Wednesday, December 25, 2013

Trouble will find me

With my offer rescinded I head out to shop this holiday season for a new job. It’s amazing how I seem to keep falling into these bizarre circumstances; where just a little bit of hope dangles in front of me, Only to slam the door in my face and leave a sliver of light to encourage my persistence. Luckily through covered CA I should be able to find a way to reduce my costs, and keep my hopes that this spring I can start treatment. So for now, Merry Christmas, and if you don’t celebrate Christmas, happy day off where most everything is closed! Unless you work today, then enjoy your federally mandated holiday pay! Unless you’re paid under the table… anywho merry Christmas to you!

Also The National's Trouble Will Find Me is a fantastic album if you have a chance to listen to some mildly depressing rainy day beach music.
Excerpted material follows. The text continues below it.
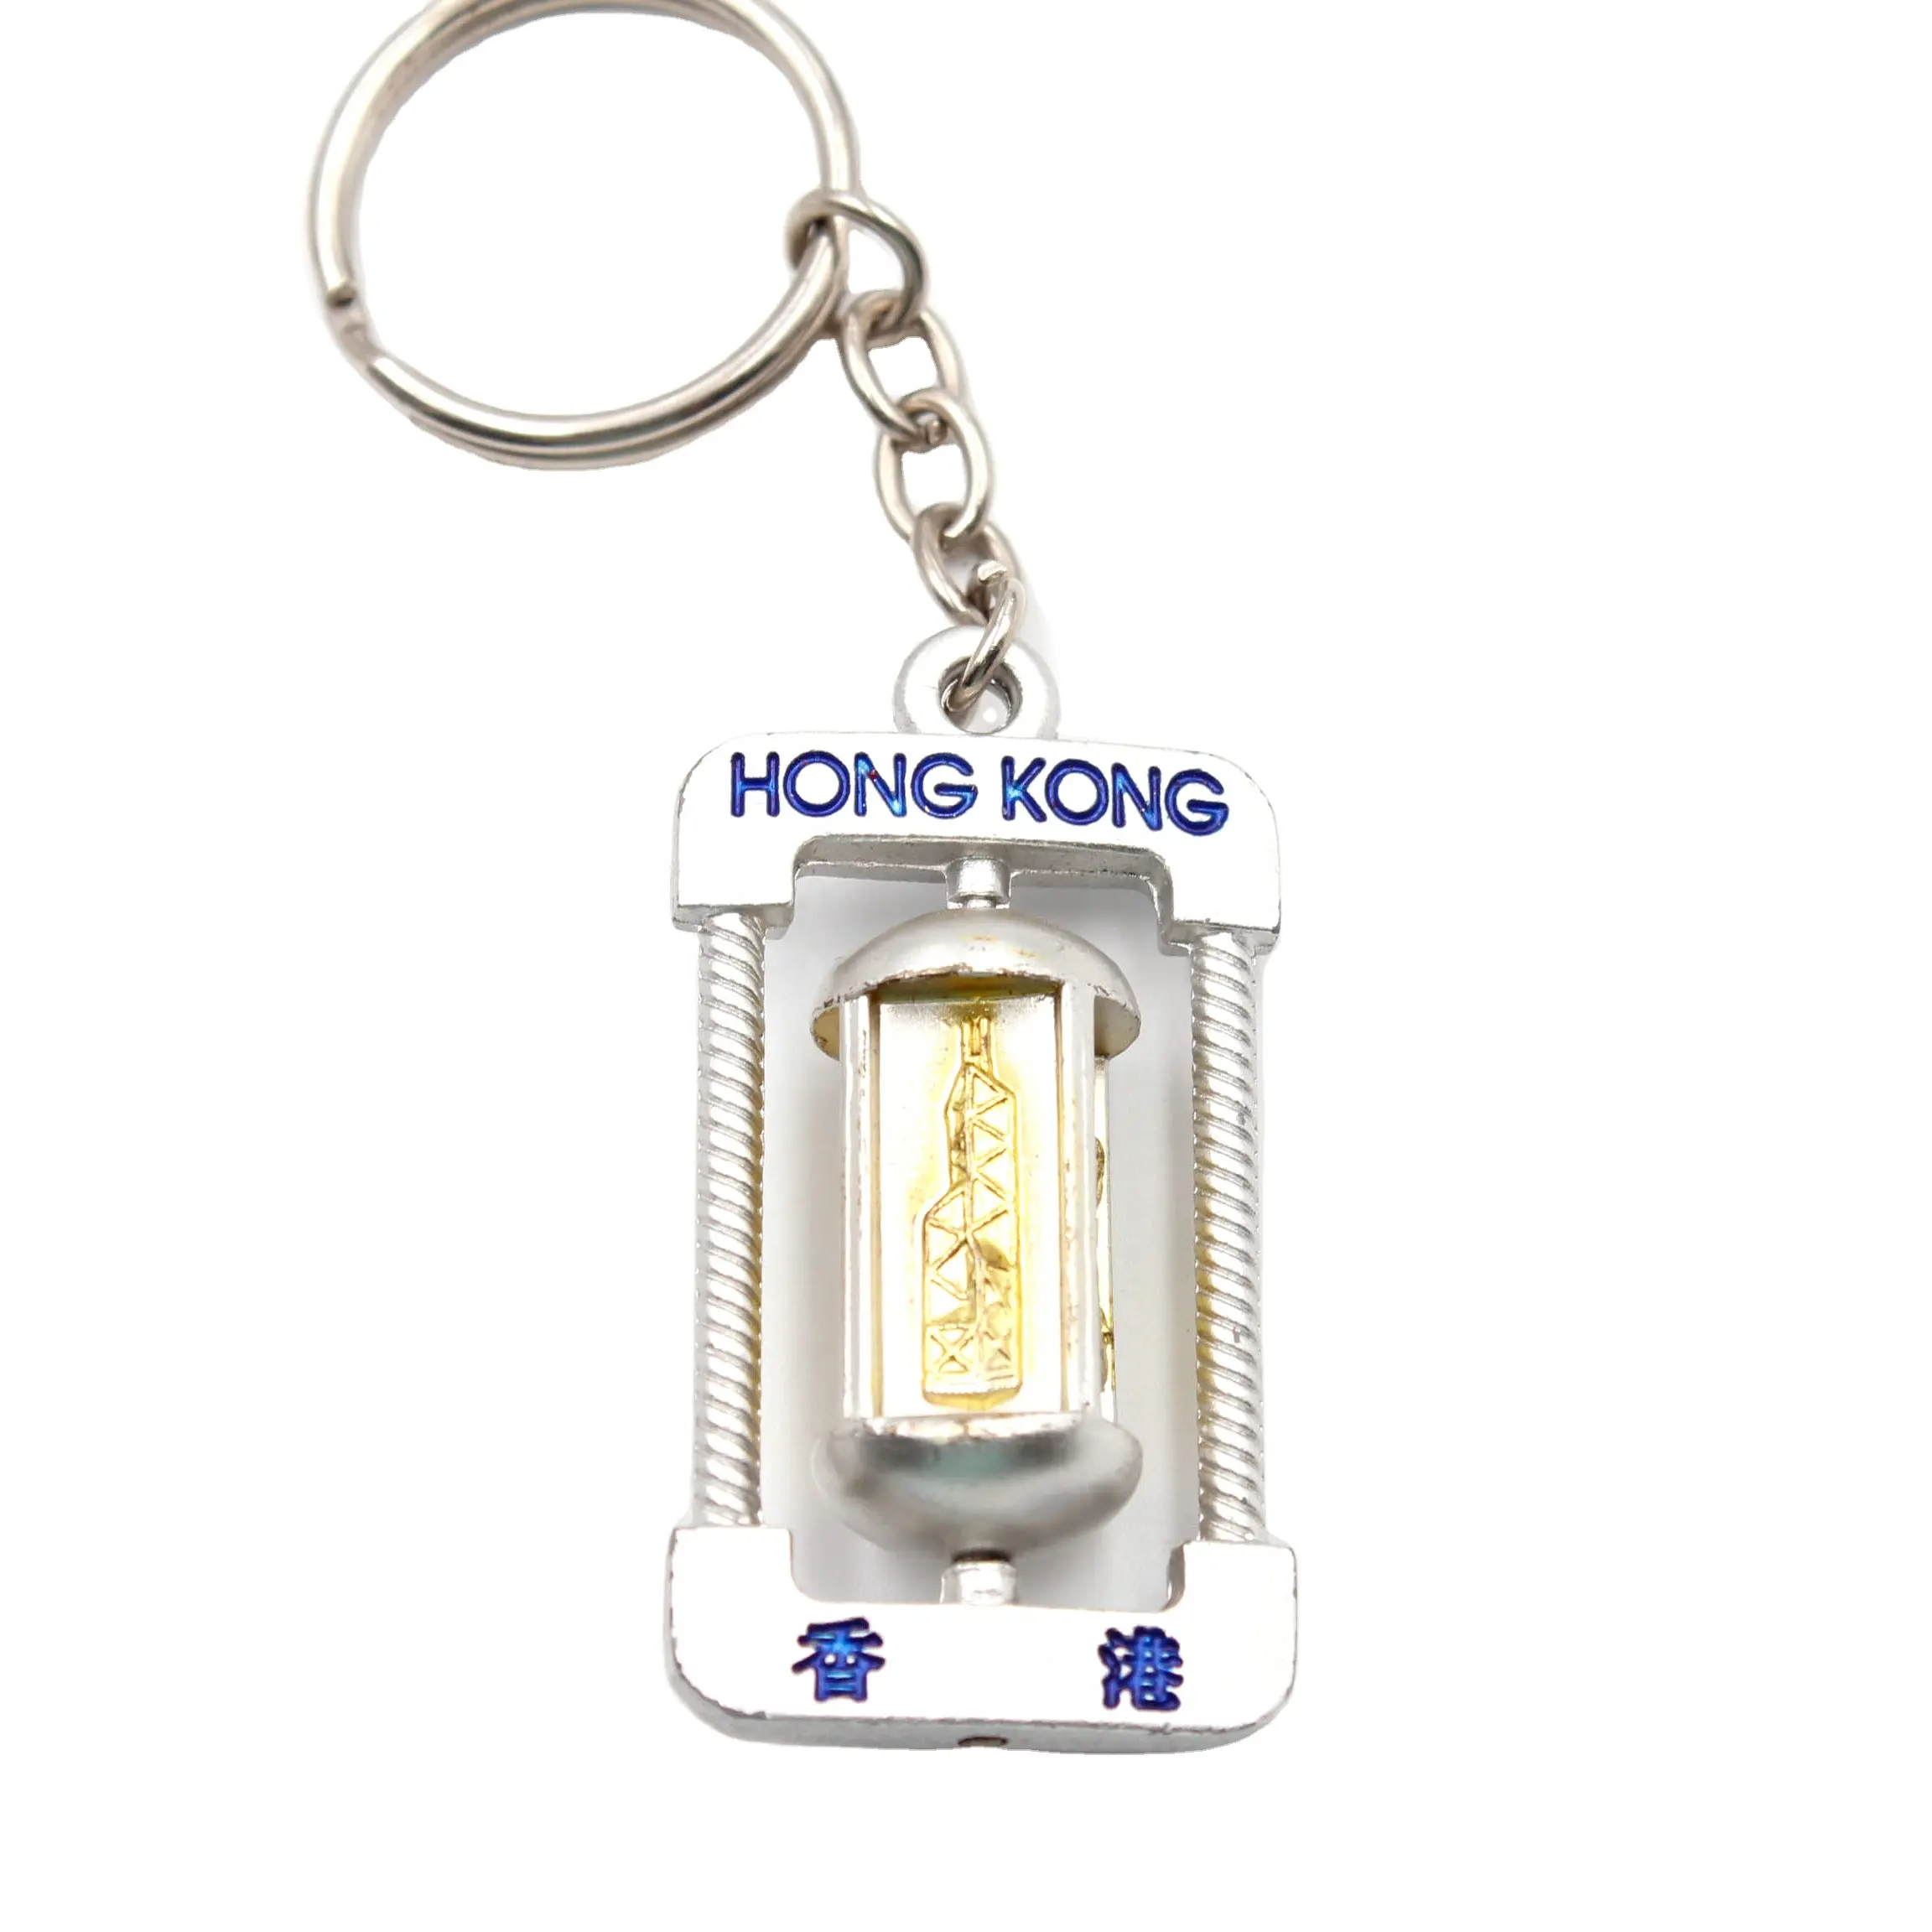 사용자 정의 3D 금속 회전 키 체인 이중 직사각형 회전 키 체인 홍콩 도시 건물 기념품 열쇠 고리 홍콩 선물

In the meantime I encourage you to join/donate! Only a little over a month left to register for free for the liver life race.


Sunday, December 15, 2013

Resilience

Not to be confused with invulnerability.

Last Friday I was offered a contract, after accepting it I spoke with my soon to be supervisor(s)… the next day the offer was rescinded. While that happened i did some searching, It took me a bit to figure out Cobra vs. the marketplace and how big of a financial impact this will have, but it’s not pretty.  On top of this I found out the treatment I’ve been hoping to take may not be for my Genotype…which means another year or so until I’d be able to start.

But hey...'tis but a scratch.
Thankfully I am still able to sub, and I love being back but obviously the circumstances are bittersweet.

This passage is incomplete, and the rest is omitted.